Open by setting the scene

A lot of writing advice will pretend to teach you how to grab an audience’s attention. Well, there’s more to writing than getting attention.  There’s the reader to consider.

This is an editorial essay, so we start with an introduction.  In the first paragraph, I let you know the purpose, to determine whether or not this is something that interests you and is useful to you.  Good writing respects the reader, it doesn’t try to waste the reader’s time with sensationalism.

Not all writing is an essay, however.  In fiction, and in especially in journalism and in most other storytelling genres, writing usually starts with setting the scene.  If you were to write for the Ptara blog or an article for our journal, we’d normally expect the writing to start in the appropriate way, depending upon the genre.

Ways of setting the scene:

  1. Traditional newspaper opening LOCATION: DATE.  Then a summary of the key facts surrounding the event, detailing the who, what, when, and where, leaving the why and how till later.


London: July 26th, 1995.  At the London School of Journalism today, one of the lecturers [name withheld] claimed that “news is when someone has something to hide, everything else is advertising.”  The students then took the underground to enter the […] courtroom where… was charged with …

Okay, so it would be more interesting with the details, right?  Then the facts would be easier to refute or to verify.

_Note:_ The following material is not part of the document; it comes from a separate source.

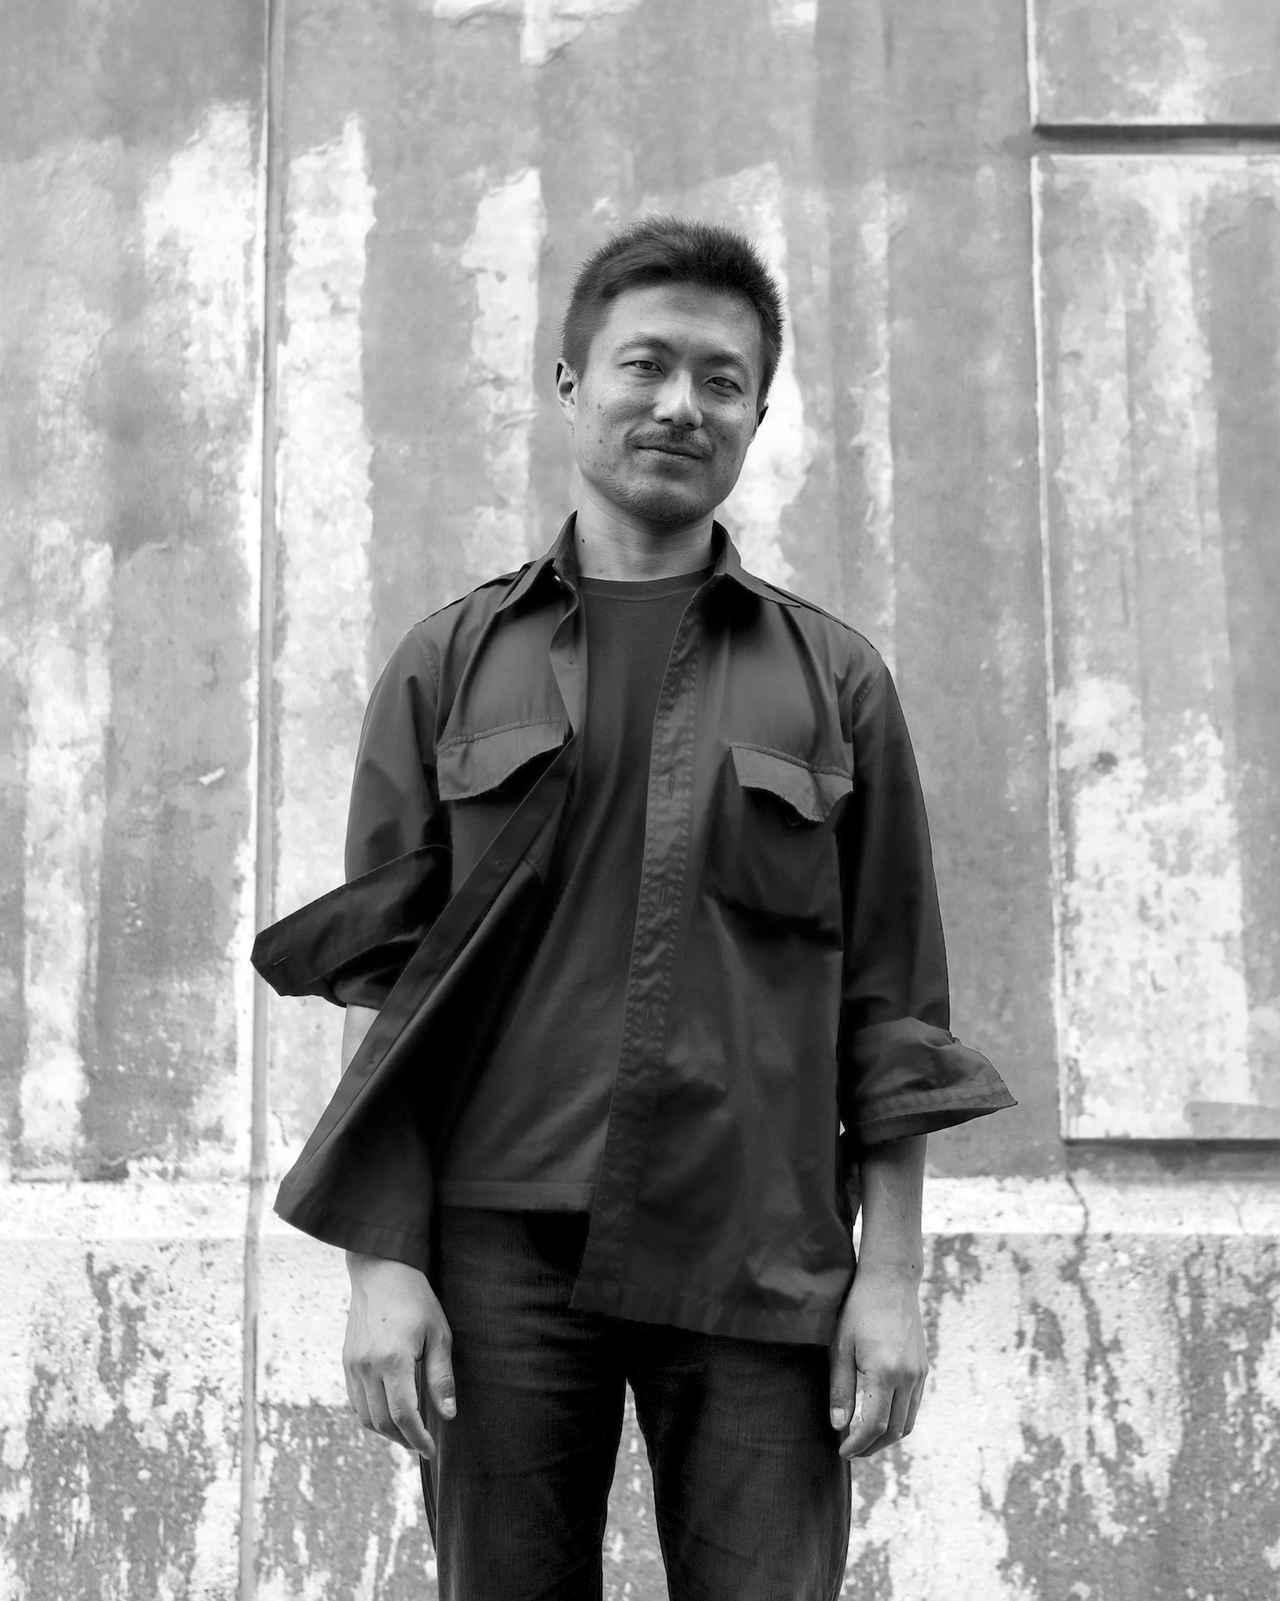 画像: 映画作家舩橋淳の「社会の24フレーム」 連載第2回 FRAME #2: 映画と現代に生きる女性

Well, maybe later.

With fiction, however, the details don’t have to be as specific.

“It was the best of times, it was the worst of times…”

“A long time ago, in a land far far away…”

“Once upon a time…”

In some ways, the lack of being too specific allows us to identify with the characters.  (See Scott McCloud’s books on understanding comics for a similar take on images.)  Even when things are relatively specific, sometimes only part of a year is included, as in Treasure Island, where in the first few paragraphs the writer states…

“I take up my pen in the year of grace 17__ and go back to the time when my father kept up the Admiral Benbow in and the brown old seaman with the sabre cut first took up his lodging under our roof.”

The year is not specific, and other facts are left deliberately vague, which helps us get lost in the story.

The same can be said for Mary Shelley’s Frankenstein, and many other novels in French and English.  The same lack of detail which would make a terrible news story makes an enchanting fantasy.

Unfortunately, a lot of vague journalism is out there.  And people are getting too specific with fiction, while leaving out the details in fact.  As a result, our generation (by which I mean everyone from baby boomers down to millennials) seems to have difficulty separating myth from reality.

To conclude, there are three principal ways to start prose, depending upon which genre.  To start fiction, we’d normally set the scene by entering the ordinary world of the characters through the imagination, then getting into the key actions.  With writing journalism, we normally start by giving as exact a date and time as we can, and summarising the key facts.  Journalists might describe the world as they’ve seen it, but photographs are often used in the place of words, and the facts are allowed to speak for themselves.  With an essay, we normally start by making the purpose of our writing clear.

There are other ways to start prose, of course, but I think beginners can greatly benefit by trying one of these three.  With fiction, I’m open to experimentation, but with news writing, I really think time and place are important.